What is the probability that both the numbers are odd with given conditions? 
2 Numbers are selected at random from the integers 1 through 9.If the sum is even,find the probability that both the numbers are odd.

My approach:
A:Event of getting sum as even, B:Event of getting both the numbers as odd
p(B/A)=
I think to calculate the sum  as even we do like this 
(1,3),(1,5),(1,7),(1,9)
Similarly (2,2),(2,4),(2,6),(2,8) etc for 
3,1....4,2......5,1..6,2....,7,1..8,2.......9,1...

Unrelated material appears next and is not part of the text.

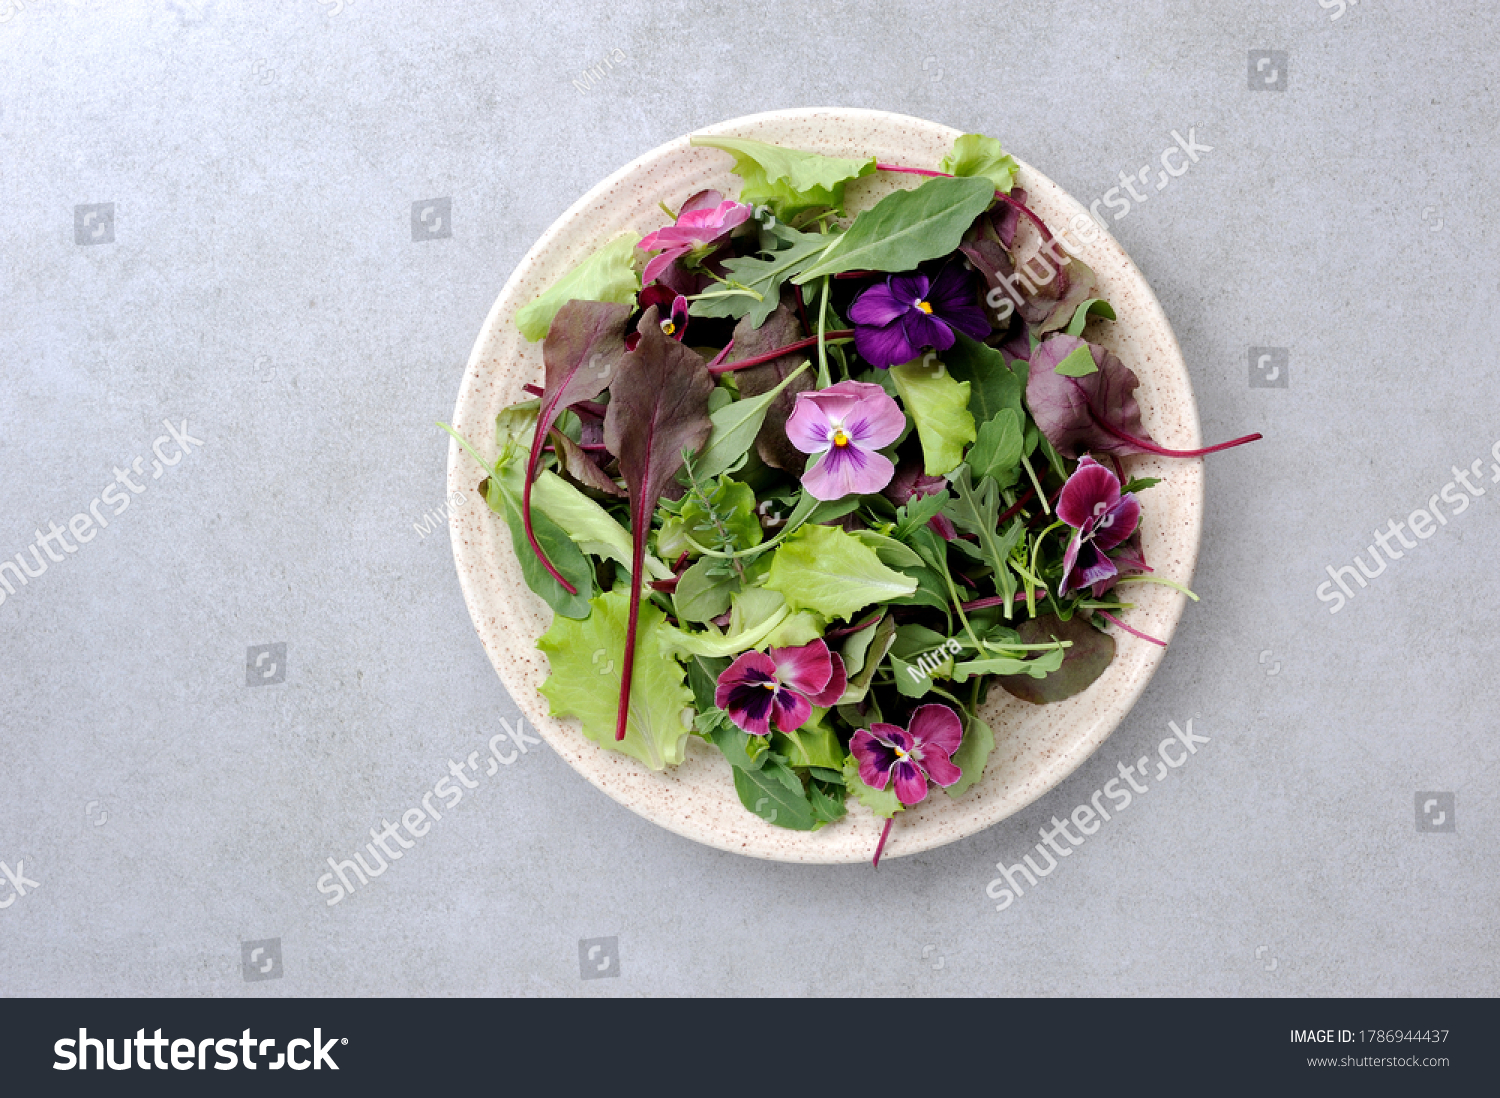 Creative arrangement with colorful    eatable  flowers and green leaves  salad over gray stone background. Flat lay. Minimal summer food concept. #1786944437
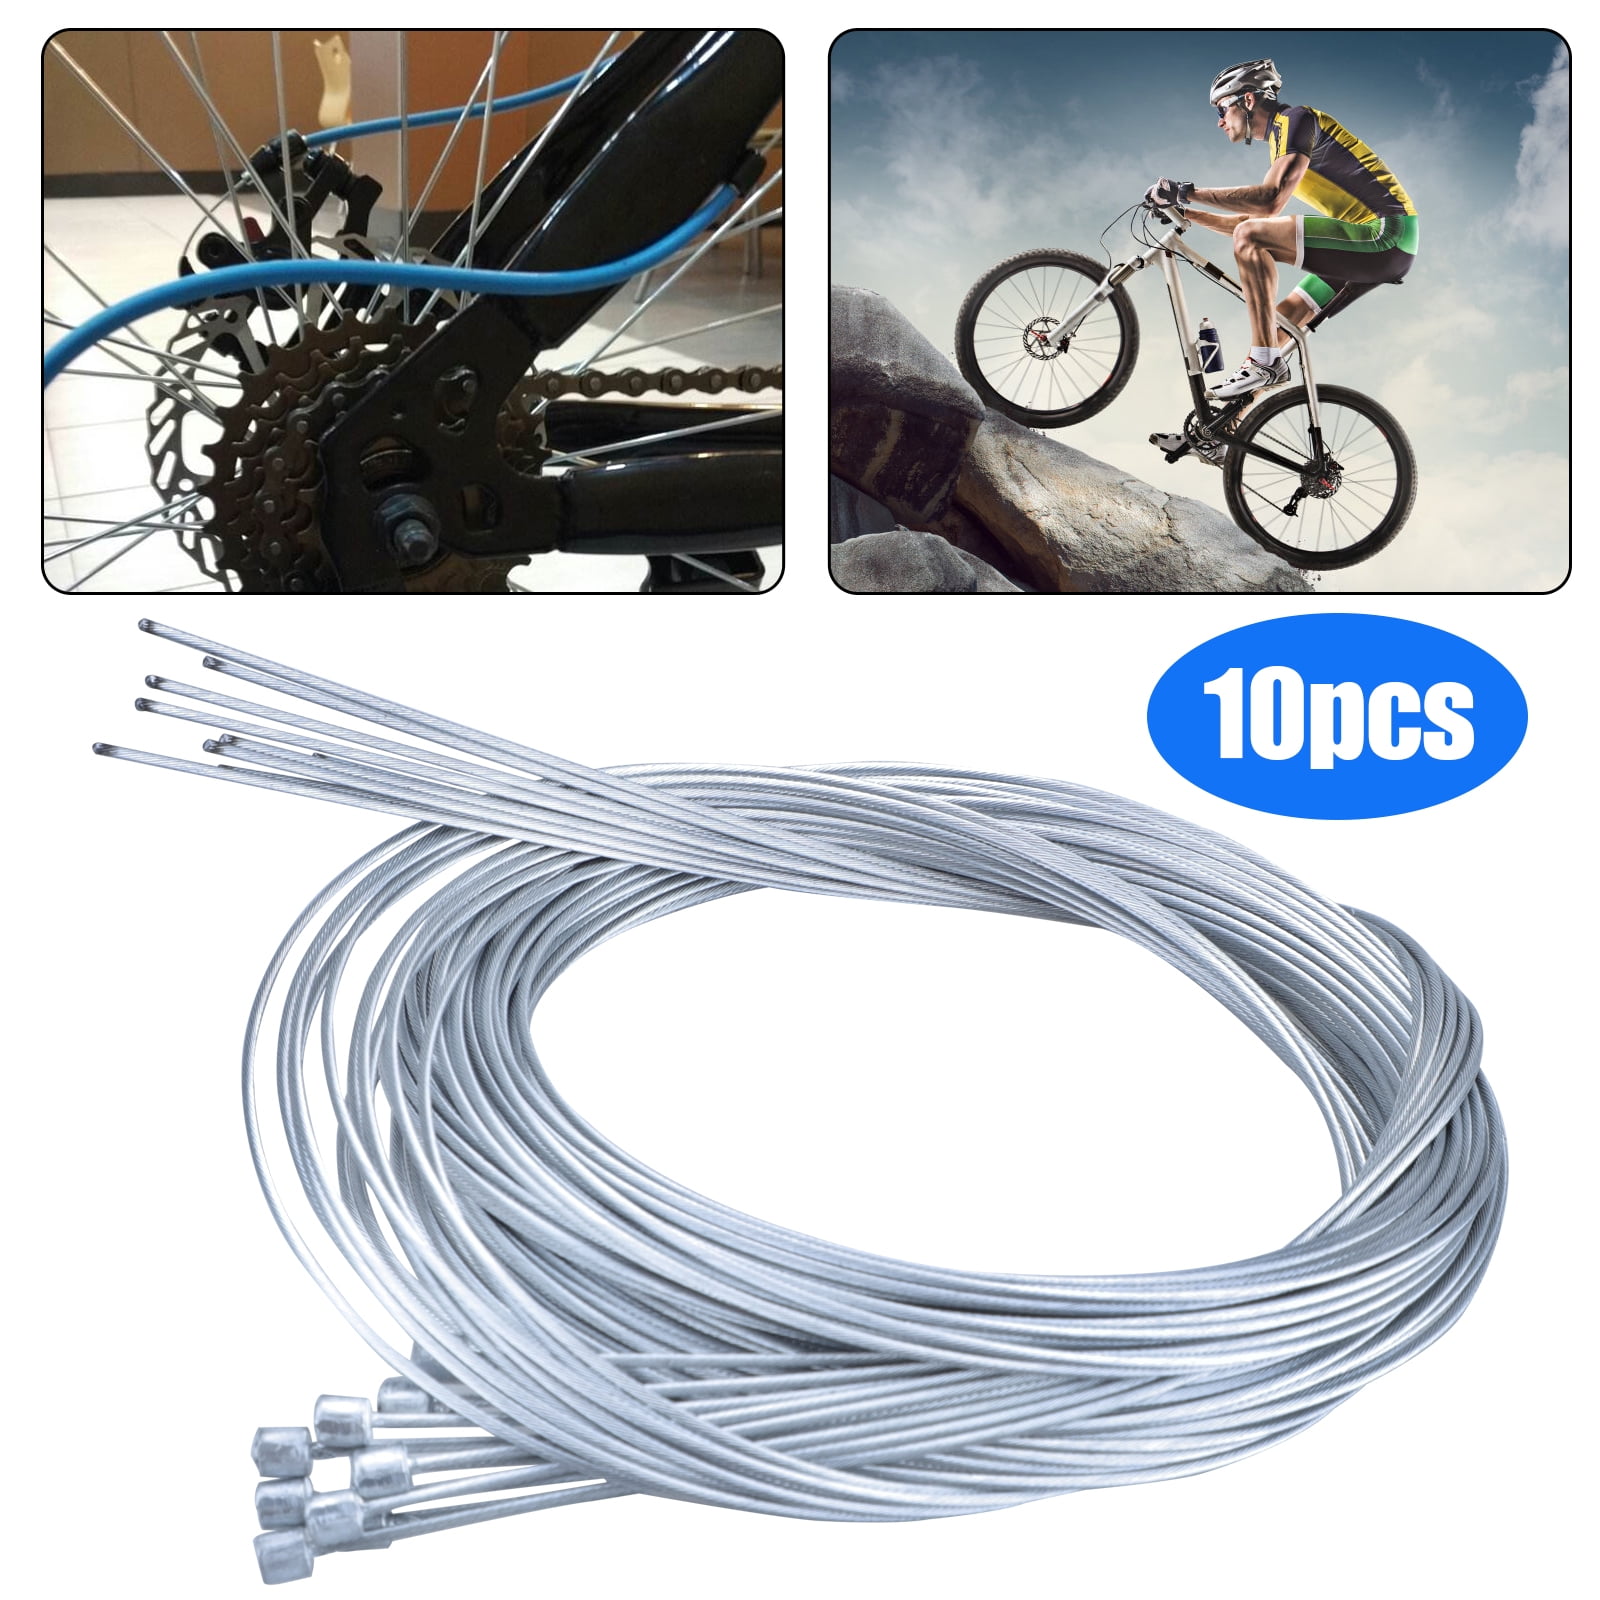 10 Pcs 2M / 6.56 Feet Bicycle Derailleur Cable Bike Brake Cable Inner Gear Cables Shift Cable for Mountain Bike Folding Bike Bike Derailleur Cable Road Bike

There are 28 such Numbers.
I think i am doing wrong because the Ans are not considering any such calculations and i am not aware of why i am doing wrong.
Expected Ans:5/8
 A: There are five odd numbers and four even ones. Given that we drew either two odds or two evens, what is the probability that we drew two odds?
Assuming we drew with replacement:
Probability of two evens is $(4/9)^2$. Probability of two odds is $(5/9)^2$. Therefore the relative probability of two odds is $\frac{(5/9)^2}{(4/9)^2+(5/9)^2} = \frac{25}{16+25} = \frac{25}{41}$.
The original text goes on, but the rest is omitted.